Check the appropriate box below if the Form 8-K filing is intended to simultaneously satisfy the filing obligation of the registrant under any of the following provisions:
 
o
Written communications pursuant to Rule 425 under the Securities Act (17 CFR 230.425)

o
Soliciting material pursuant to Rule 14a-12 under the Exchange Act (17 CFR 240.14a-12)

o
Pre-commencement communications pursuant to Rule 14d-2(b) under the Exchange Act (17 CFR 240.14d-2(b))

o
Pre-commencement communications pursuant to Rule 13e-4(c) under the Exchange Act (17 CFR 240.13e-4(c))
 
 
 

 
 
Section 1 – Registrant’s Business and Operations

Item 1.01 Entry into a Material Definitive Agreement.
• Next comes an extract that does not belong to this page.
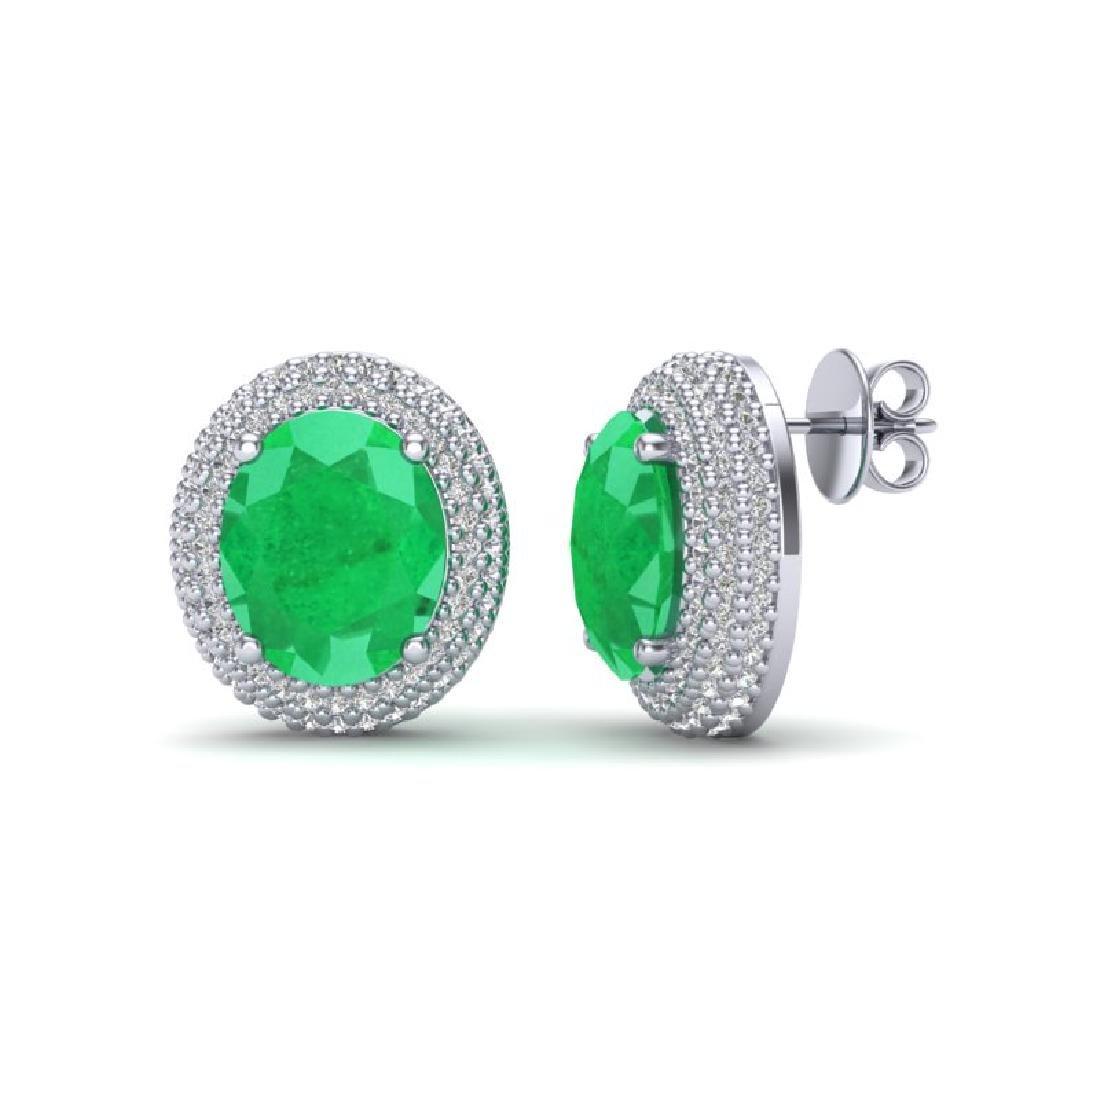 9.20 CTW Emerald & Micro Pave VS/SI Diamond Earrings - 2

On July 9, 2012, OxySure Systems, Inc. (“OxySure” or the “Company”) entered into a second moratorium agreement (“Second Payment Moratorium”) with Vencore Solutions, LLC, a Delaware limited liability company (“Vencore”).

The Second Payment Moratorium provides for the following:

a)  
The balance outstanding to Vencore remains the balance outstanding at the end of the first payment moratorium, which is $307,661.83 (“Debt Obligation”);
b)  
The term of the Second Payment Moratorium (the “Moratorium Period”) shall expire on the earlier to occur of: (i) July 1, 2013;  (ii) a cash settlement or repayment plan being entered into; or (iii) a merger or acquisition of OxySure or the sale of substantially all of its assets (collectively a “Sale”);
c)  
OxySure will not be obligated to make any payments during the Moratorium Period;
d)  
No late charges or interest will accrue during the Moratorium Period;
e)  
Any amounts OxySure may pay towards the Debt Obligation during the Moratorium Period shall reduce the Debt Obligation;
f)  
In the event of a Sale the entire Debt Obligation shall immediately become due and payable; and
g)  
Vencore shall make no demands or take any actions against OxySure during the Moratorium Period.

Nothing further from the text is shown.